Dans le duel entre Bernard Hinault et Greg LeMond, vous, en tant que mécanicien français, étiez-vous amené à pencher pour l’un plutôt que pour l’autre ?
Mon coeur a toujours été pour Bernard Hinault parce que je suis Français. Mais Greg LeMond est un garçon extraordinaire. J’aurais préféré que le Tour 1986 soit gagné par Hinault. J’ai beaucoup de respect pour LeMond, je l’adore, mais ce n’est pas la même chose. Hinault avait une hargne qu’on ne retrouvait nulle part ailleurs. Mes plus beaux Tours sont là, ce n’est pas le cyclisme d’aujourd’hui.
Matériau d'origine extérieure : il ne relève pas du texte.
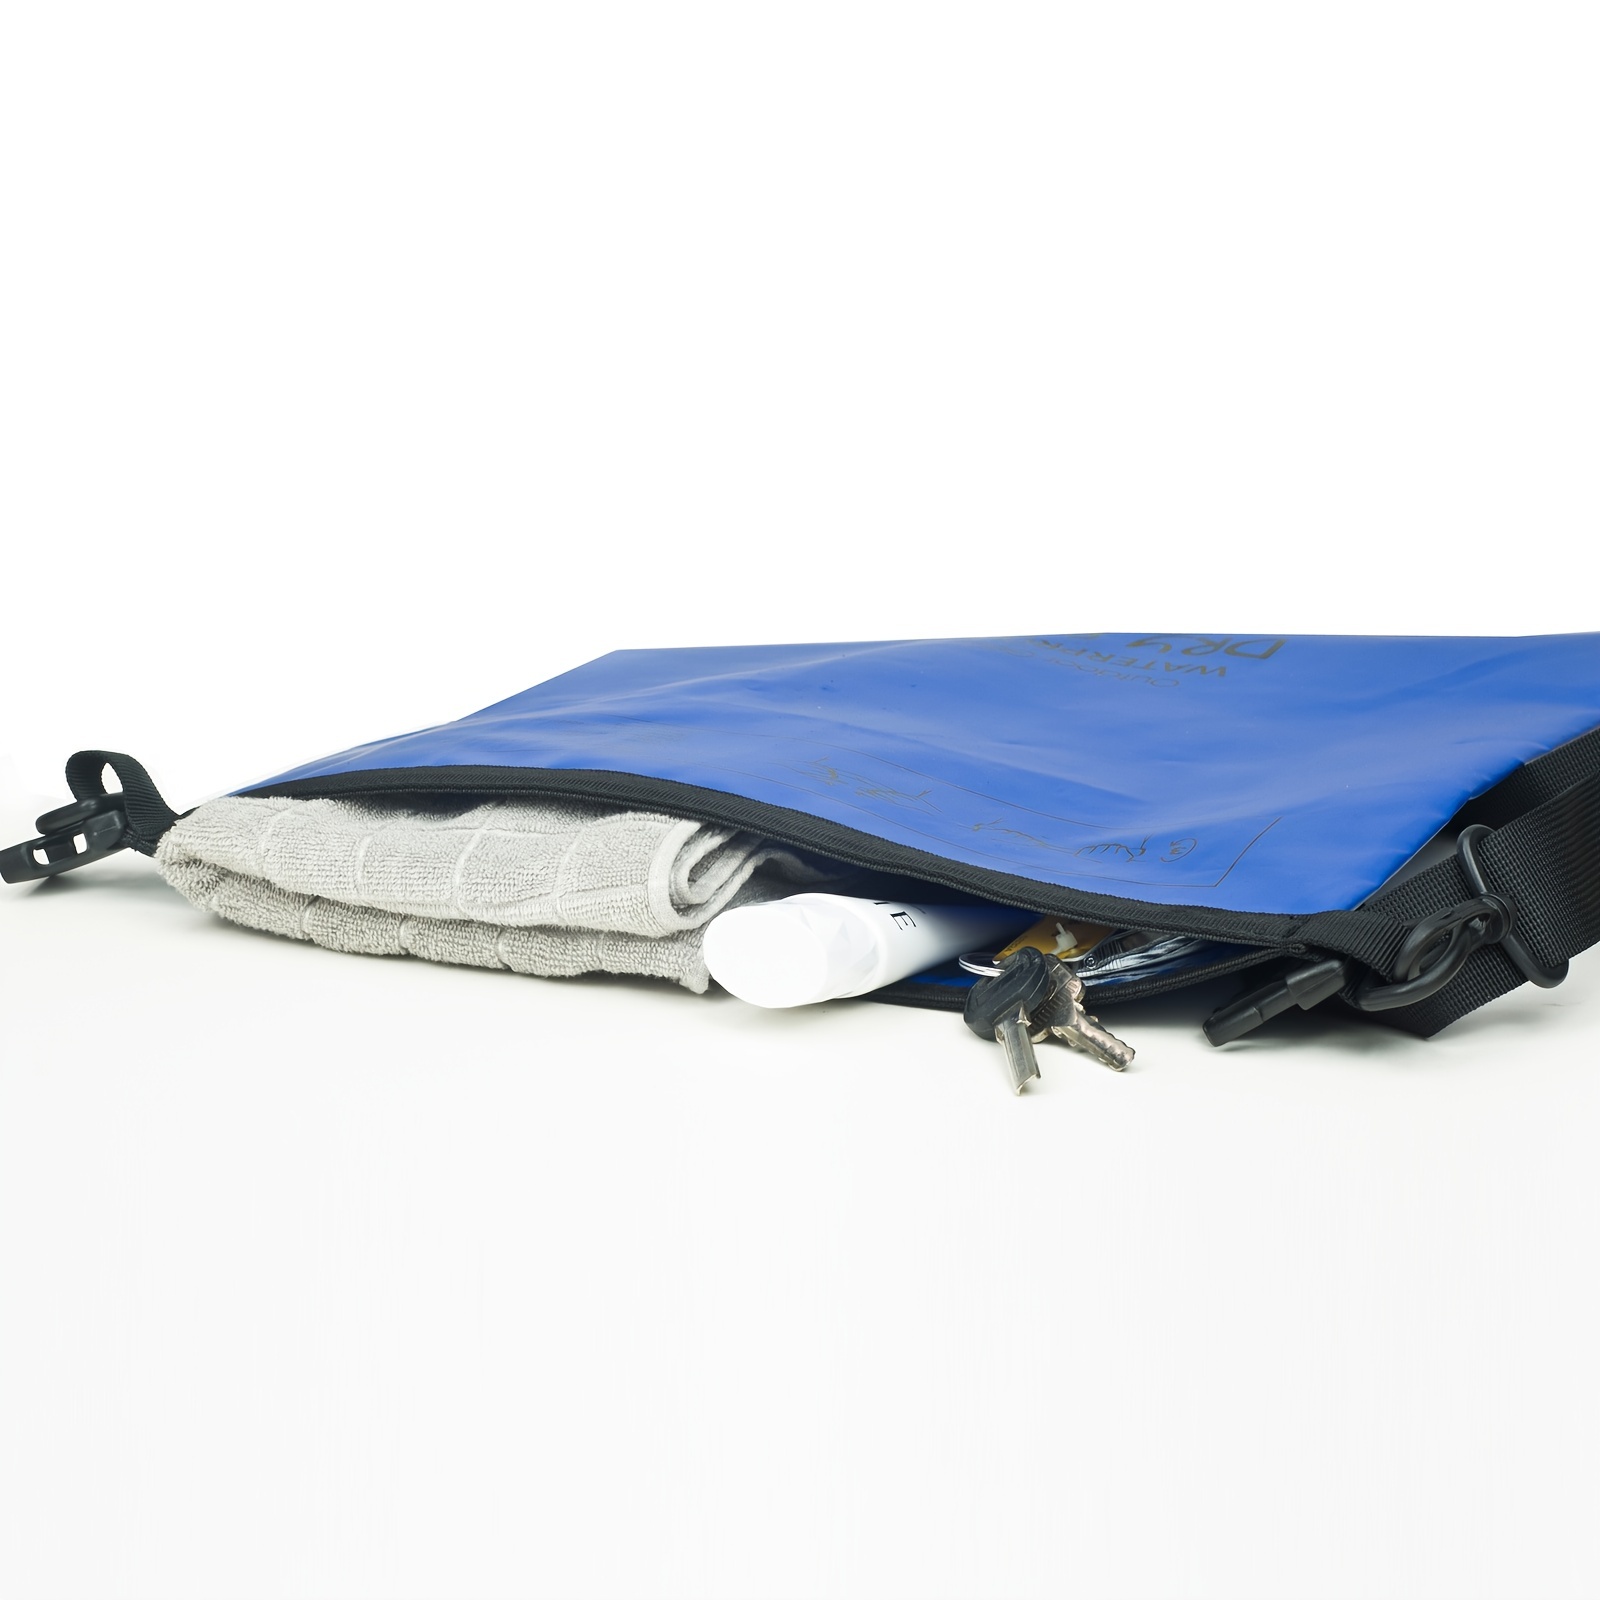  GLBSUNION Bolsa seca impermeable con correa para la cintura  (paquete de 2), la mejor manera de mantener tu teléfono y objetos de valor  seguros/secos, perfecta para canotaje, natación, esnórquel, kayak, playa

Quelle était l’influence de Bernard Tapie à cette époque ?
Je me souviens quand il avait monté cette équipe en tant que sponsor en 1984. Dans la montée du Mont Ventoux dans le Paris-Nice, il avait embauché trente coureurs en disant « celui-là il me le faut, celui-ci aussi ». Donc on s’est retrouvés l’année d’après avec Steve Bauer et Greg LeMond parce qu’il fallait gagner. La première année, Bernard Hinault avait du mal avec son opération au genou et n’a pas remporté le Tour de France. Laurent Fignon a survolé ce Tour, donc soit il fallait avoir Fignon, soit LeMond, mais il fallait gagner le Tour.

La volonté de Tapie de faire gagner un Américain sur le Tour pour son business pesait-elle sur l’équipe ?
Évidemment, ça pesait. La venue de Greg LeMond visait à développer la société qu’il venait de racheter en 1983 sur le marché américain. C’était hyper important. Il y avait aussi le Canadien Steve Bauer, puis il y a eu les Suisses. Il a toujours pensé à internationaliser ses sociétés, à les faire connaître pour l’export. Il voulait une équipe internationale.
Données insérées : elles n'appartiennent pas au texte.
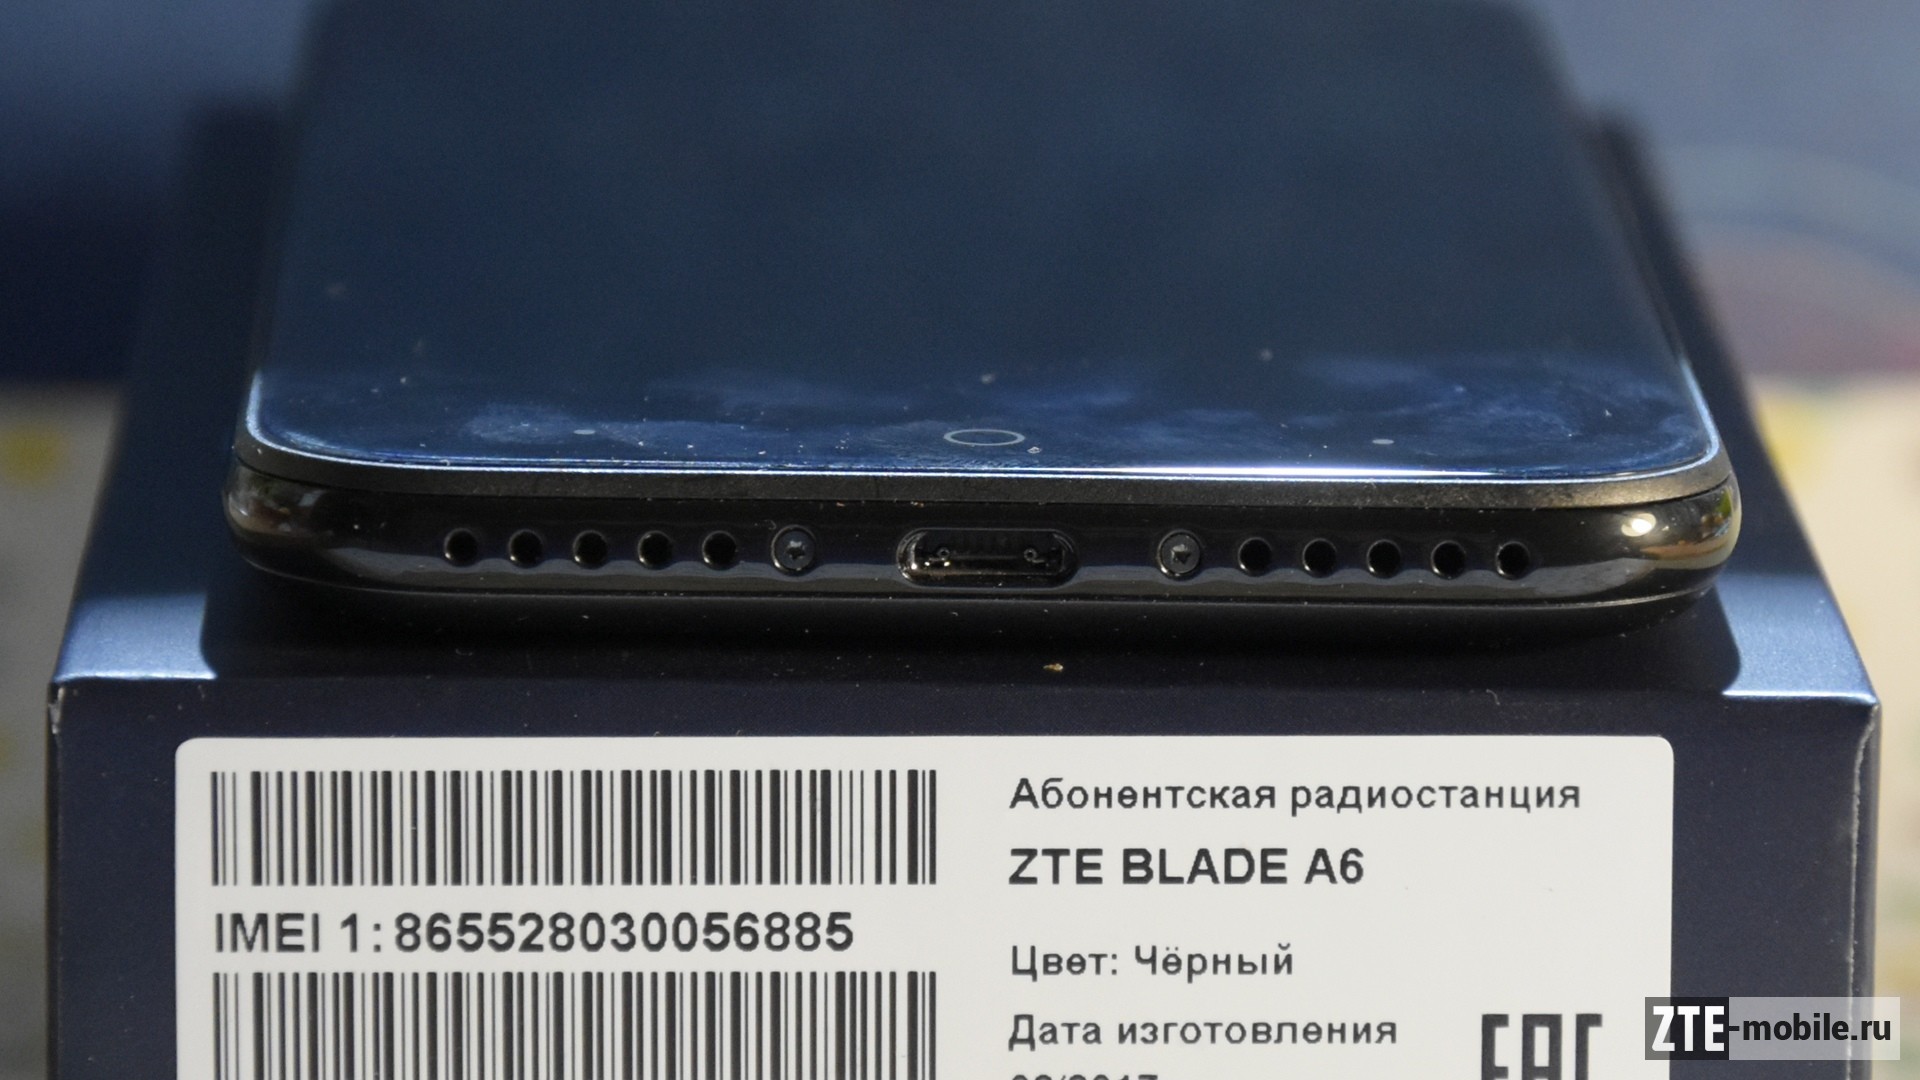 Zte blade-a6 max - обзор смартфона, достоинства и недостатки

Combien de mécaniciens étiez-vous dans ces années ?
En 1981, on était en avance avec Cyrille Guimard puisqu’on était la première équipe à avoir un bus. On avait aussi un karcher pour nettoyer les vélos ! Il y avait un chauffeur de bus et deux mécaniciens à temps plein. Après, les choses ont changé mais il n’y avait pas beaucoup de vélos à l’époque. Les coureurs avaient deux vélos de course et un vélo de contre-la-montre. Il n’y avait pas toutes ces roues pleines, en carbone ou en aluminium. Il y avait moins de matériel, mais ça a vite évolué. A La Vie Claire, en 1985, on est passé à cinq, six mécaniciens parce qu’on était vingt-cinq coureurs. Le cyclisme a évolué avec le matériel. Il y avait des vélos pour la montagne, des roues pleines ou encore le vélo triathlète qu’on a apporté au cyclisme sur route avec Greg LeMond. Le matériel est devenu plus spécifique selon les disciplines du Tour.

Le métier de mécanicien a-t-il beaucoup évolué ?
A l’époque, nous montions nous-mêmes les roues. L’hiver, on faisait 150 paires de roues. Il fallait rayonner les moyeux et monter les vélos. C’était un grand travail de précision. Aujourd’hui, je n’ai plus l’impression que ce soit le cas. Les cadres arrivent, les boîtiers de pédalier sont montés, les fourches et les roues aussi. Il y a beaucoup plus de matériel donc la gestion est sans doute beaucoup plus difficile.

Bernard Hinault était-il attentif aux réglages de son vélo ?
Oui, il avait un côté passionnel pour la mécanique. Quand il avait le temps, il s’intéressait au matériel. Lorsqu’il a créé l’équipe La Vie Claire avec les vélos Bernard Hinault, il savait ce qu’il voulait. Il avait d’ailleurs une formation de mécanique. Il décidait quel boyau et quel développement on devait installer. Et surtout il prenait soin du matériel. Il ne crevait jamais, sans doute parce qu’il avait cette lucidité supplémentaire dans l’effort pour voir où il posait ses roues.